The Chairman of the Transitional National Council, Mustafa Abdel Jalil, held a press conference this morning. Here are some of the highlights, via Al Jazeera Libya Live Blog:
"I can't say that the revolutionaries have complete control over Tripoli. Bab al-Azizyah and the surrounding areas are still outside our control, so we have no knowledge of whether he is there.
"As for cities currently under siege such as Sirte and Sabha, they will rise up from within as the stranglehold that Gaddafi's forces have them under eases."
Jalil repeatedly stated that a strict Islamist regime is not on the rebel's agenda:
"We are on the threshold of a new era ... of a new stage that we will work to establish the principles that this revolution was based on. Which are: freedom, democracy, justice, equality and transparency. Within a moderate Islamic framework.
Jalil has called on the rebels to show that Libya is a country of "religiously moderate" people, and has called upon "everyone to take care and guard properties both public and private."
Jalil has congratulated the rebels on taking Tripoli, and says that Gaddafi tried to "scare" the international community by saying that Islamic extremists were part of the rebels' movement.
How silly of Qaddafi to say that Islamic extremists were part of the rebels' movement!
But, maybe Qaddafi was referring to the Libyan Islamic Fighting Group, an Islamic extremist organization that was named as an affiliate of al-Qaeda by the UN 1267 Committee, and which is part of the Libyan rebel movement.
Last March, the leaders of the Libyan Islamic Fighting Group gave an interview about their relations with the Council of which Jalil is Chairman:
“We told [the Libyan National Council] that we are happy to work under you to help you. We are happy to put all our knowledge and experience under your control and we don’t have any separate strategy for our group. We are happy to fight under the [rebel] army’s command and we don’t ask to have a place in the leadership,” says Mansour.
The two men also disclosed that the LIFG had changed its name to Al Harakat al-Islamiya al Libeeya (Libyan Islamic Movement). Some 500-600 of its members have been released from jail in recent years. About 30 remain in Tripoli’s notorious Abu Salim prison. Mansour says there is full agreement within the group regarding its position on the LNC.
The Libyan National Council responded positively to the LIFG’s approach, Mansour says. “They said the first thing they wanted to be sure of is that we are not linked with any other group so we confirmed this point. They also wanted to make sure that there were not any other people coming from outside Libya to help – they said this is a red line. In the end, they said if you try to help our people, to help the army, and co-operate and work together, we will be happy.”

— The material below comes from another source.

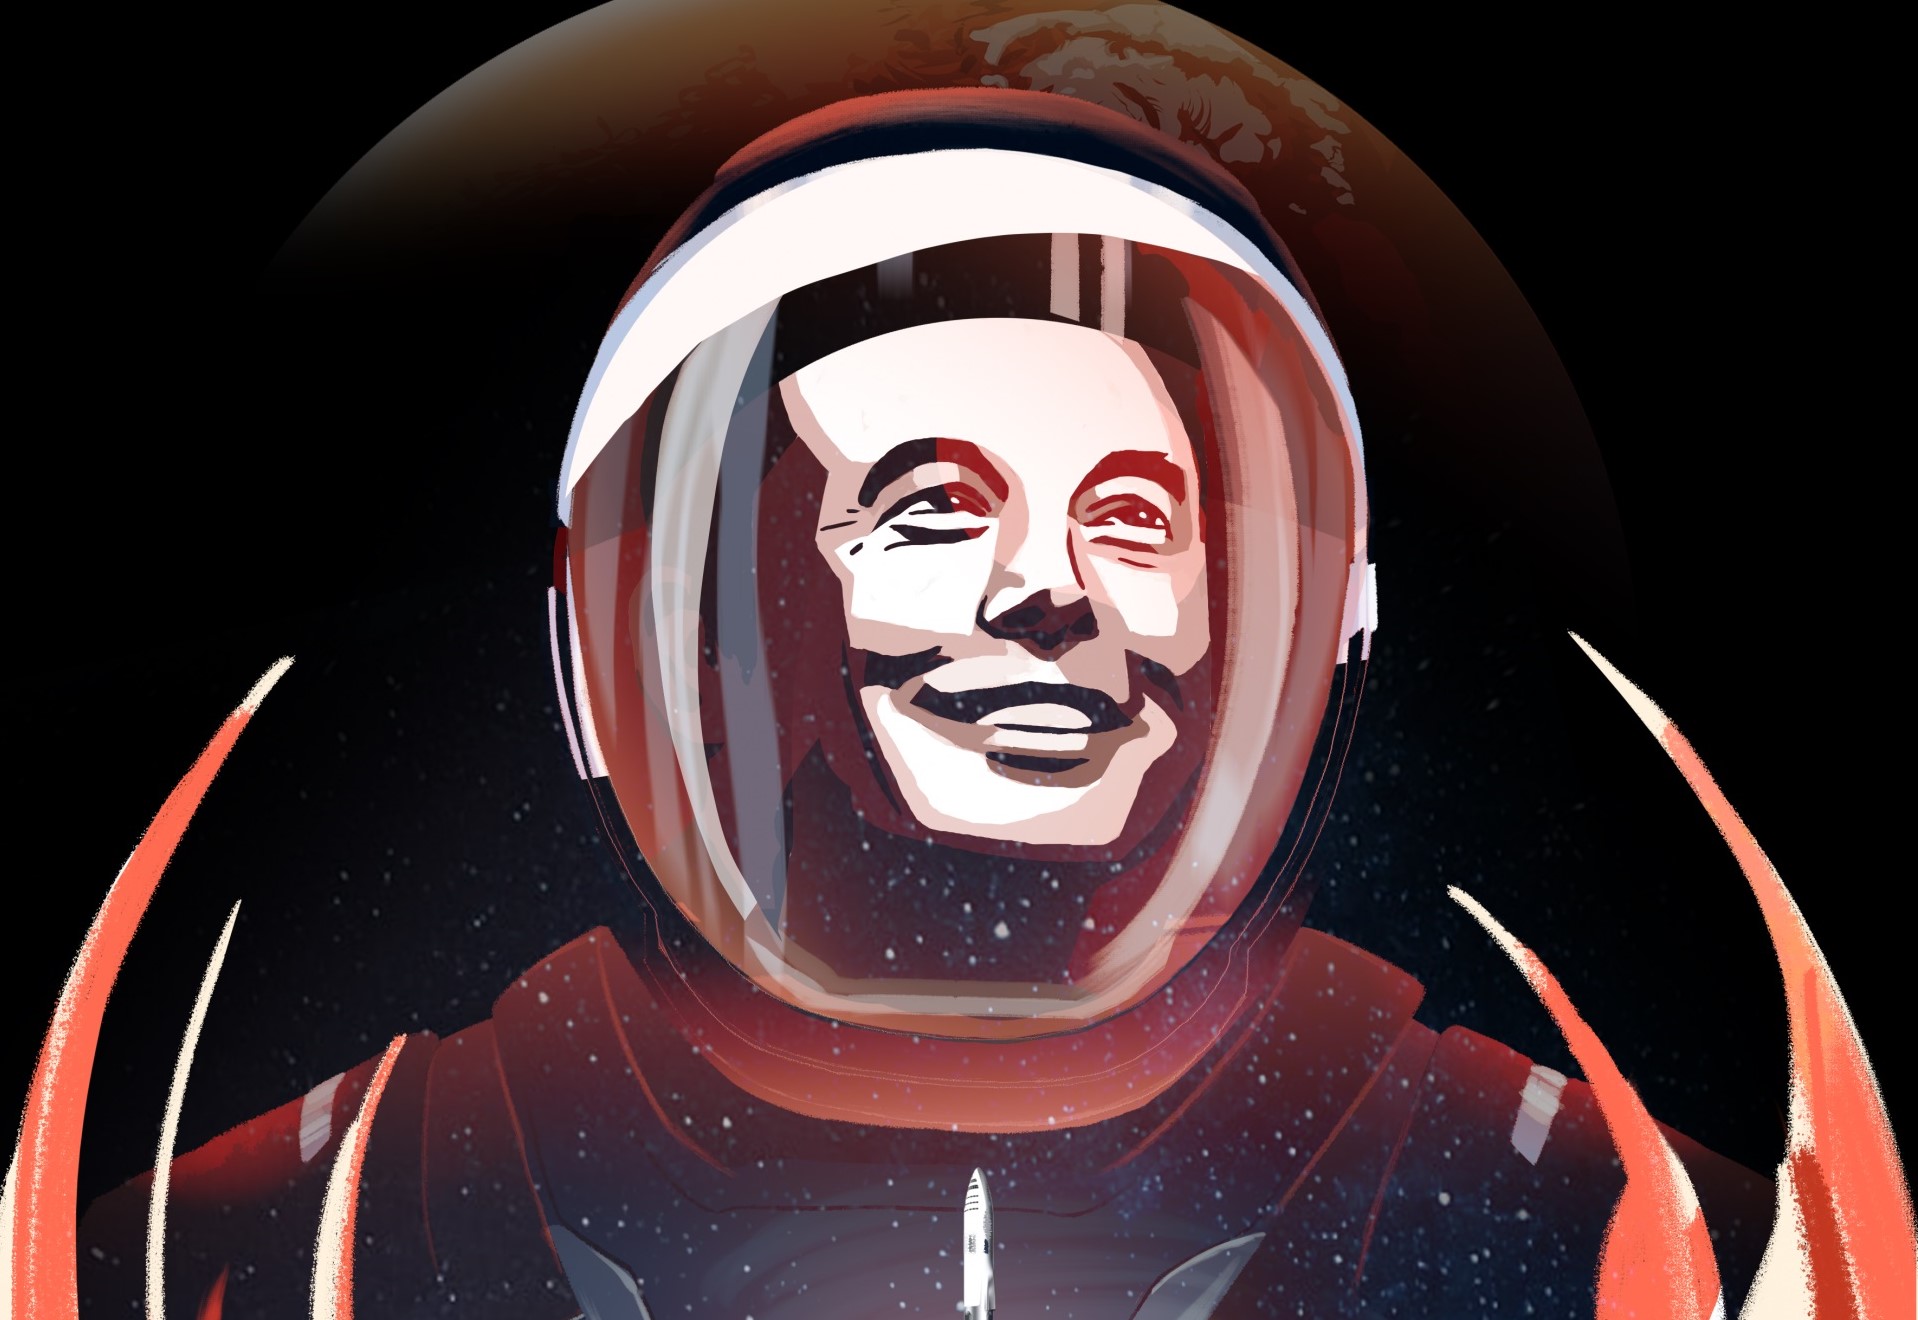 Elon Musk's Mars ambitions honored in Moon-landing anniversary animation

In other words, 'you domestic extremists are okay but the foreign types will cause NATO heartburn, so keep them at arms length, please.' Message understood.
Or, it could be that Qaddafi read the interview in Le Figaro on June 24 in which the head of media relations for the National Transitional Council estimated that about 15 percent of the rebels are what he would call Islamic extremists:
Q: Some in the West are concerned about infiltration of the rebellion by al-Qaida. Is there reason to fear extremism?
A: [T]hey represent only a small portion, no more than 15% of the rebels, and are not, in our view, a threat.
Maybe the head of TNC media relations didn't get the press guidance before he gave that interview. Or else, Chairman Jalil just forgot that there are some Islamic extremists among the rebels, after all.
But then, what's extreme or moderate is all a matter of definition anyway. The TNC's draft constitution establishes in Article 1 that Islam will be the religion of the post-Qaddafi state and Sharia law will be the principal source of legislation, just as it was under Qaddafi's regime. That is as per usual in the constitutions of all Muslim states, e.g., Egypt, Iraq, Afghanistan, Pakistan, and so on, and nothing extreme happens in those places, does it?
Now, once the mopping up of Qaddafi strongholds is done, Libya will move on to it's moderately Islamic future and "freedom, democracy, justice, equality and transparency" will rain down from the sky. In so far as they are not incompatible with Sharia law, of course.
3 comments:
Great Post TSB! But are you sure Gadaffy reads french?? gwb
Col. Q is a man of many talents, so I'm pretty sure. And out of all his female bodyguards, there ought to be a few who read French.
Did you see that his #1 son, Saif, has escaped custody and is loose? He just spoke in person with a Fox News reporter in Tripoli. The Qaddafis are my very favorite crime family!
Yes TSB... Quite perplexing! So is Saif safe?... or is he now playing Baghdad Bob? And where are the WMD?